As part of the study researchers focused on one particular human common fragile site that is a normal part of chromosome structure, but is prone to breaking.
Earlier researches have predicted the flexibility of the DNA helix in this particular common fragile site by calculating the twist angle between consecutive base pairs and found that there were several points of high flexibility, suggesting that the flexibility was connected to the fragility.
In the current study, researchers used yeast artificial chromosomes to test this idea because it allowed them to look at the region in a more detailed way than looking at human chromosomes and to monitor the replication process.
"It is an area that has a tumour suppressor gene - a gene whose absence can cause tumours. If you delete that gene or delete part of that gene so it doesn't work anymore, that can lead to tumours. The fact that there is fragility in the same region that this gene is located is a bad coincidence. Fragility can cause deletions and deletions can cause cancer, so you want to understand the fragility because that might be what's causing cancer," Freudenreich said.

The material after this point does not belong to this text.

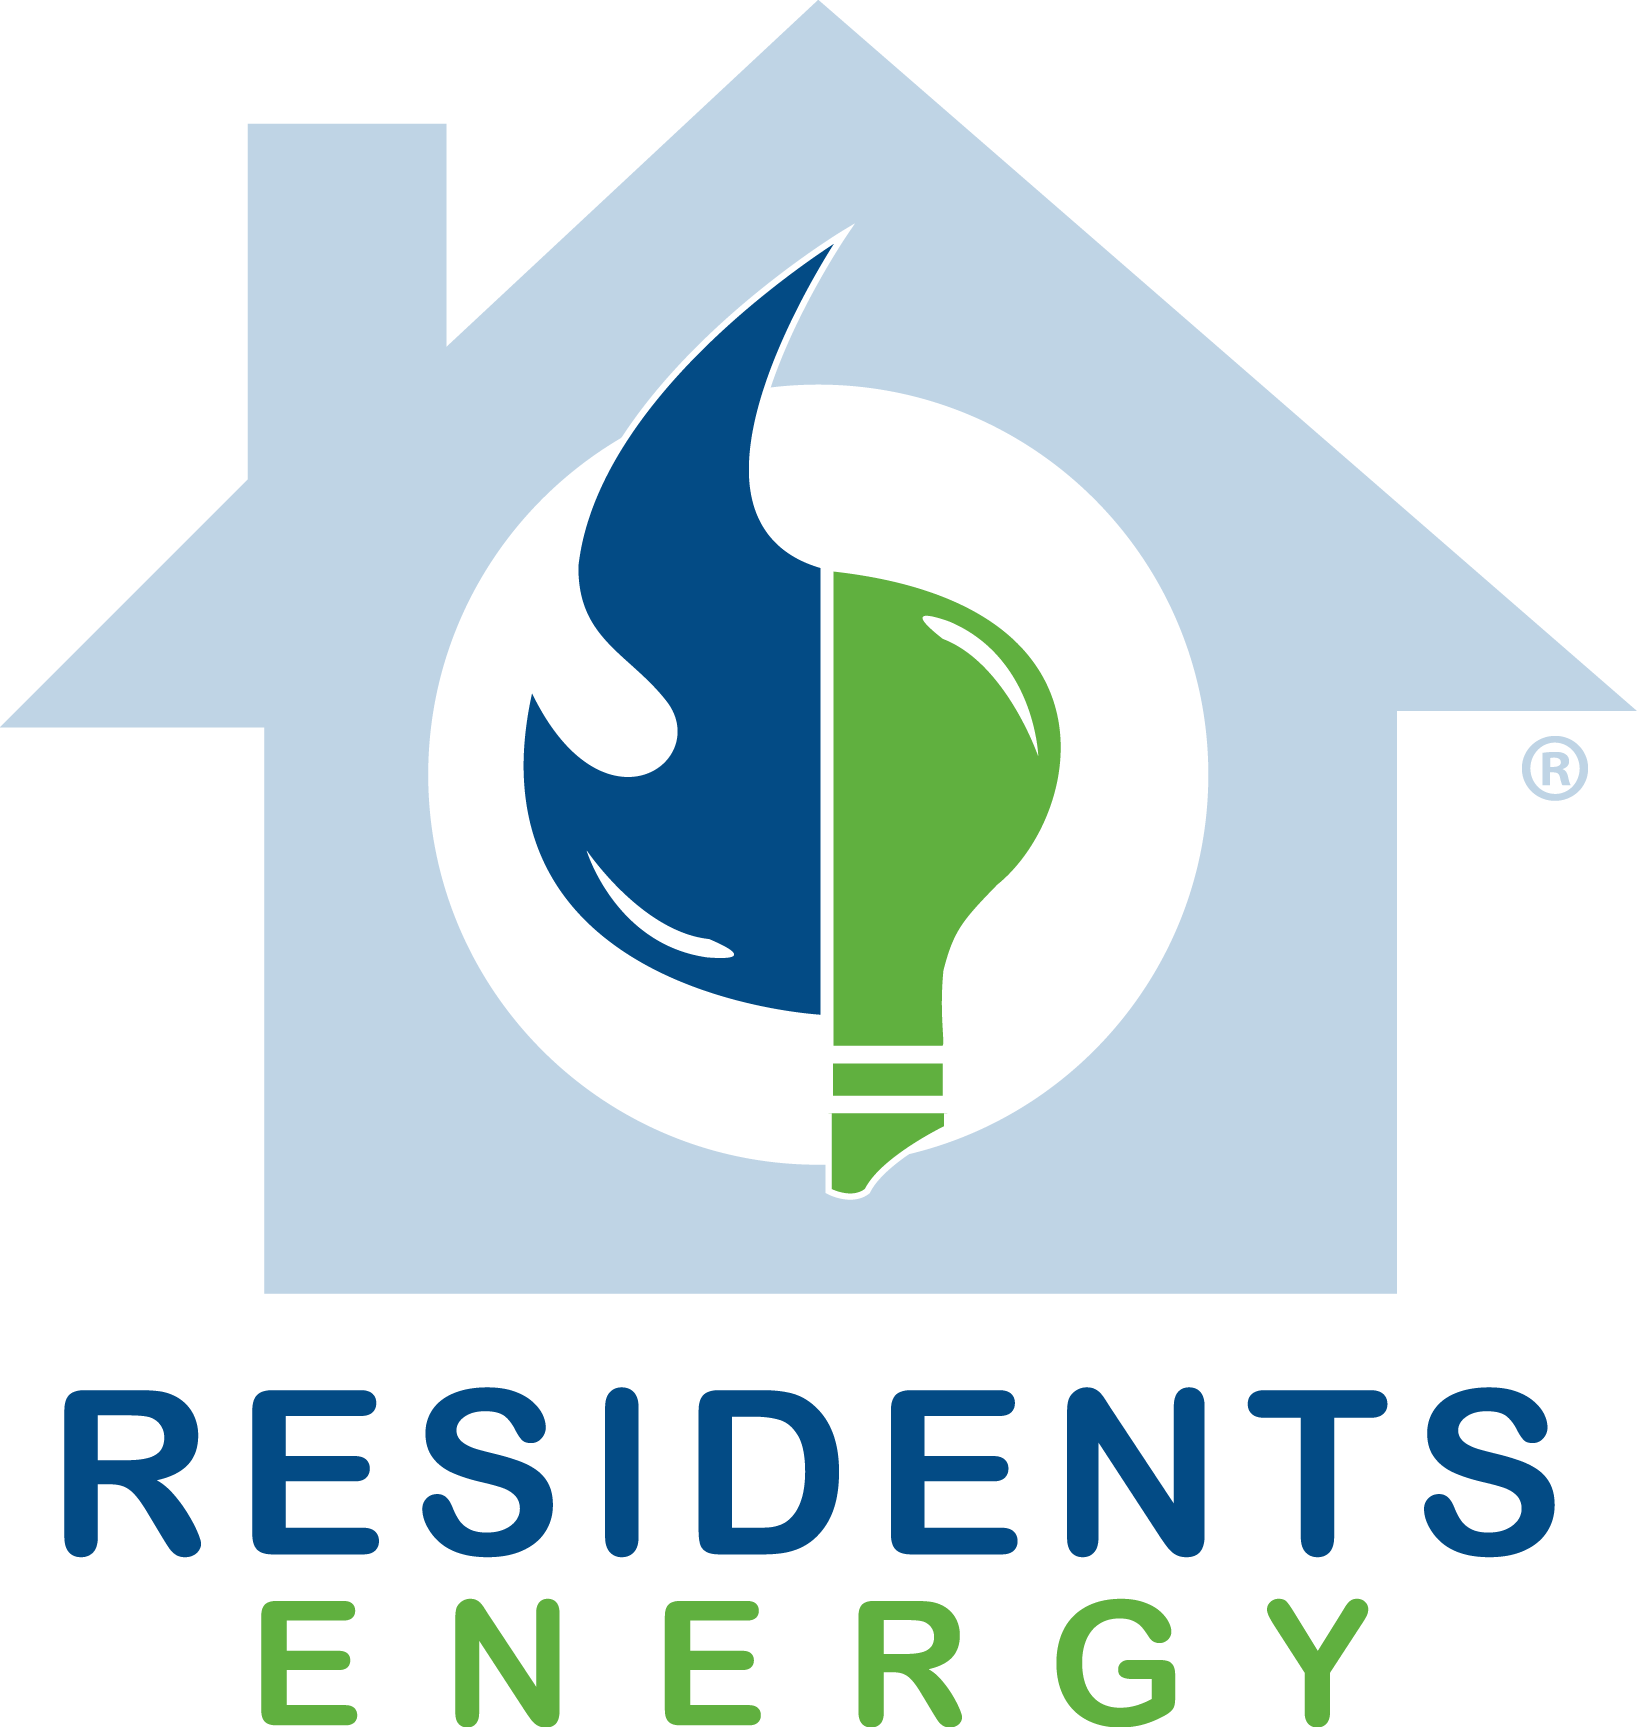 Click to see details for Residents Energy, LLC offer. Price 0.599

The study found that these regions of predicted high flexibility, plus a region near a cancer cell breakpoint and a control region caused breakage of a yeast chromosome.
The researchers hypothesized that the chromosomes broke because replication was stalled in this areas. As cells divide, the DNA inside the cells must duplicate, which is called replication.
"We found that the fragile sequence actually stops replication. So when replication gets there, it has trouble, it stops, it pauses, it can't go further very easily," Freudenreich said.
Most of the time, chromosomes break and heal correctly. The problem arises when they do not heal correctly and instead are deleted or rearranged.
"Cancer cells almost always have some sort of deletions or rearrangements. Something is wrong with their chromosomes that then messes up the genes that are in those areas." She added.
The findings of the study were published in the August issue of journal Molecular Cell.